┌──
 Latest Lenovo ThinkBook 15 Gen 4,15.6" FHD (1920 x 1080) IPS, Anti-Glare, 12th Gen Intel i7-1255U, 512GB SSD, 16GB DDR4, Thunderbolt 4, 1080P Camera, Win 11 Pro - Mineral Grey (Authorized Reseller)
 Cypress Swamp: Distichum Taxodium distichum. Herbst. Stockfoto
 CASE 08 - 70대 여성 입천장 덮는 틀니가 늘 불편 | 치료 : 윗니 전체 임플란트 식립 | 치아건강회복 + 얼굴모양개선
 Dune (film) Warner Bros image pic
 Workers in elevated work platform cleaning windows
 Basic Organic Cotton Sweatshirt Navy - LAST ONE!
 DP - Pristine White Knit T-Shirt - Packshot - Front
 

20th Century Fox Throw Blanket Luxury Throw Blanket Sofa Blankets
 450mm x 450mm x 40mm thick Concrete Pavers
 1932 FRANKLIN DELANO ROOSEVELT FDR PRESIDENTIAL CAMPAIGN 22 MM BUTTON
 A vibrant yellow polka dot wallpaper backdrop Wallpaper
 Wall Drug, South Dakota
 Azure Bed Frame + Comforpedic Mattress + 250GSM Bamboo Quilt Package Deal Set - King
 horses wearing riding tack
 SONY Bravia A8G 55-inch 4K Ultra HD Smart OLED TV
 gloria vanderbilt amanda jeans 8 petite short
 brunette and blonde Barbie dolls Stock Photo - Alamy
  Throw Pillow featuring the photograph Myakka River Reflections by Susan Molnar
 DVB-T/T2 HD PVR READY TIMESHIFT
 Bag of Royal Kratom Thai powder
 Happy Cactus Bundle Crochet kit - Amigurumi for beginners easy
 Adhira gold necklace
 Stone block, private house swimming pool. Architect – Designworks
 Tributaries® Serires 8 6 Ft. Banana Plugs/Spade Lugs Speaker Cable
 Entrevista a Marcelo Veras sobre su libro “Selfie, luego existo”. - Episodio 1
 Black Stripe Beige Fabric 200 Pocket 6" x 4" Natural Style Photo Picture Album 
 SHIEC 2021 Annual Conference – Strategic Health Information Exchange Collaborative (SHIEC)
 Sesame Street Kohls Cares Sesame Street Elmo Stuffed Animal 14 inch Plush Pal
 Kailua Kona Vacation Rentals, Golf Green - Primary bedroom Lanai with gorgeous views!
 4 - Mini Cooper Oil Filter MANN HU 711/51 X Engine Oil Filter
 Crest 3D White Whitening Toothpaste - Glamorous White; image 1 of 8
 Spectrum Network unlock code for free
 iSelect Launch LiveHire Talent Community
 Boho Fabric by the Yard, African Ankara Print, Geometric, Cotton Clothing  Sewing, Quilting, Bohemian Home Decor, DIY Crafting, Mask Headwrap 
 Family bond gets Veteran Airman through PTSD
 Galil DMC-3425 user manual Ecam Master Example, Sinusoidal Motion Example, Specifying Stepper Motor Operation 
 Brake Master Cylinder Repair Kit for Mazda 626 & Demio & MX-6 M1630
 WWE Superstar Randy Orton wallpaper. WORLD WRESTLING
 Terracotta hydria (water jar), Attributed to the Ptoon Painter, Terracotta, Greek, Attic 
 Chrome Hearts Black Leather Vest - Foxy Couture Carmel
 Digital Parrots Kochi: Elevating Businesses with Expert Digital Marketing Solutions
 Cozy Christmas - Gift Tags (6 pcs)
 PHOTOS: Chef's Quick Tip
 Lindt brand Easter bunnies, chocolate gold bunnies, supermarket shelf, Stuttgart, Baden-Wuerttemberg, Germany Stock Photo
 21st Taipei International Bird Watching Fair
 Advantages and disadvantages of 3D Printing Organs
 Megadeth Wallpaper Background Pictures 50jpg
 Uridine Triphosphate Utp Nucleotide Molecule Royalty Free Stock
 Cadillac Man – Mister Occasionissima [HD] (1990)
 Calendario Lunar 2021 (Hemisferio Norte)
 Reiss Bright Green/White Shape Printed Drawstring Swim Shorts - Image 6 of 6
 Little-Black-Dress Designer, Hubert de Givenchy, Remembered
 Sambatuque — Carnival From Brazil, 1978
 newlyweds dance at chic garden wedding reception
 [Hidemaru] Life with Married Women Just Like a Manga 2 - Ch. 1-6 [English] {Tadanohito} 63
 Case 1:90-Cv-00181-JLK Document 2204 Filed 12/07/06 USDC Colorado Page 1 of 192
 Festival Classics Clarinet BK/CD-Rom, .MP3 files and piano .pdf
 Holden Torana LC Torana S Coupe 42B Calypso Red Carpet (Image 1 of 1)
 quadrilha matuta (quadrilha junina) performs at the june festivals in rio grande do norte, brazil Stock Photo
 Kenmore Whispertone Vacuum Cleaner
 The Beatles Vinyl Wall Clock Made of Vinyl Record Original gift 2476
└──
WHAT IS BEING ASKED
Your answer must be the complete listing, reproduced exactly.

RESPONSE
 Latest Lenovo ThinkBook 15 Gen 4,15.6" FHD (1920 x 1080) IPS, Anti-Glare, 12th Gen Intel i7-1255U, 512GB SSD, 16GB DDR4, Thunderbolt 4, 1080P Camera, Win 11 Pro - Mineral Grey (Authorized Reseller)
 Cypress Swamp: Distichum Taxodium distichum. Herbst. Stockfoto
 CASE 08 - 70대 여성 입천장 덮는 틀니가 늘 불편 | 치료 : 윗니 전체 임플란트 식립 | 치아건강회복 + 얼굴모양개선
 Dune (film) Warner Bros image pic
 Workers in elevated work platform cleaning windows
 Basic Organic Cotton Sweatshirt Navy - LAST ONE!
 DP - Pristine White Knit T-Shirt - Packshot - Front
 

20th Century Fox Throw Blanket Luxury Throw Blanket Sofa Blankets
 450mm x 450mm x 40mm thick Concrete Pavers
 1932 FRANKLIN DELANO ROOSEVELT FDR PRESIDENTIAL CAMPAIGN 22 MM BUTTON
 A vibrant yellow polka dot wallpaper backdrop Wallpaper
 Wall Drug, South Dakota
 Azure Bed Frame + Comforpedic Mattress + 250GSM Bamboo Quilt Package Deal Set - King
 horses wearing riding tack
 SONY Bravia A8G 55-inch 4K Ultra HD Smart OLED TV
 gloria vanderbilt amanda jeans 8 petite short
 brunette and blonde Barbie dolls Stock Photo - Alamy
  Throw Pillow featuring the photograph Myakka River Reflections by Susan Molnar
 DVB-T/T2 HD PVR READY TIMESHIFT
 Bag of Royal Kratom Thai powder
 Happy Cactus Bundle Crochet kit - Amigurumi for beginners easy
 Adhira gold necklace
 Stone block, private house swimming pool. Architect – Designworks
 Tributaries® Serires 8 6 Ft. Banana Plugs/Spade Lugs Speaker Cable
 Entrevista a Marcelo Veras sobre su libro “Selfie, luego existo”. - Episodio 1
 Black Stripe Beige Fabric 200 Pocket 6" x 4" Natural Style Photo Picture Album 
 SHIEC 2021 Annual Conference – Strategic Health Information Exchange Collaborative (SHIEC)
 Sesame Street Kohls Cares Sesame Street Elmo Stuffed Animal 14 inch Plush Pal
 Kailua Kona Vacation Rentals, Golf Green - Primary bedroom Lanai with gorgeous views!
 4 - Mini Cooper Oil Filter MANN HU 711/51 X Engine Oil Filter
 Crest 3D White Whitening Toothpaste - Glamorous White; image 1 of 8
 Spectrum Network unlock code for free
 iSelect Launch LiveHire Talent Community
 Boho Fabric by the Yard, African Ankara Print, Geometric, Cotton Clothing  Sewing, Quilting, Bohemian Home Decor, DIY Crafting, Mask Headwrap 
 Family bond gets Veteran Airman through PTSD
 Galil DMC-3425 user manual Ecam Master Example, Sinusoidal Motion Example, Specifying Stepper Motor Operation 
 Brake Master Cylinder Repair Kit for Mazda 626 & Demio & MX-6 M1630
 WWE Superstar Randy Orton wallpaper. WORLD WRESTLING
 Terracotta hydria (water jar), Attributed to the Ptoon Painter, Terracotta, Greek, Attic 
 Chrome Hearts Black Leather Vest - Foxy Couture Carmel
 Digital Parrots Kochi: Elevating Businesses with Expert Digital Marketing Solutions
 Cozy Christmas - Gift Tags (6 pcs)
 PHOTOS: Chef's Quick Tip
 Lindt brand Easter bunnies, chocolate gold bunnies, supermarket shelf, Stuttgart, Baden-Wuerttemberg, Germany Stock Photo
 21st Taipei International Bird Watching Fair
 Advantages and disadvantages of 3D Printing Organs
 Megadeth Wallpaper Background Pictures 50jpg
 Uridine Triphosphate Utp Nucleotide Molecule Royalty Free Stock
 Cadillac Man – Mister Occasionissima [HD] (1990)
 Calendario Lunar 2021 (Hemisferio Norte)
 Reiss Bright Green/White Shape Printed Drawstring Swim Shorts - Image 6 of 6
 Little-Black-Dress Designer, Hubert de Givenchy, Remembered
 Sambatuque — Carnival From Brazil, 1978
 newlyweds dance at chic garden wedding reception
 [Hidemaru] Life with Married Women Just Like a Manga 2 - Ch. 1-6 [English] {Tadanohito} 63
 Case 1:90-Cv-00181-JLK Document 2204 Filed 12/07/06 USDC Colorado Page 1 of 192
 Festival Classics Clarinet BK/CD-Rom, .MP3 files and piano .pdf
 Holden Torana LC Torana S Coupe 42B Calypso Red Carpet (Image 1 of 1)
 quadrilha matuta (quadrilha junina) performs at the june festivals in rio grande do norte, brazil Stock Photo
 Kenmore Whispertone Vacuum Cleaner
 The Beatles Vinyl Wall Clock Made of Vinyl Record Original gift 2476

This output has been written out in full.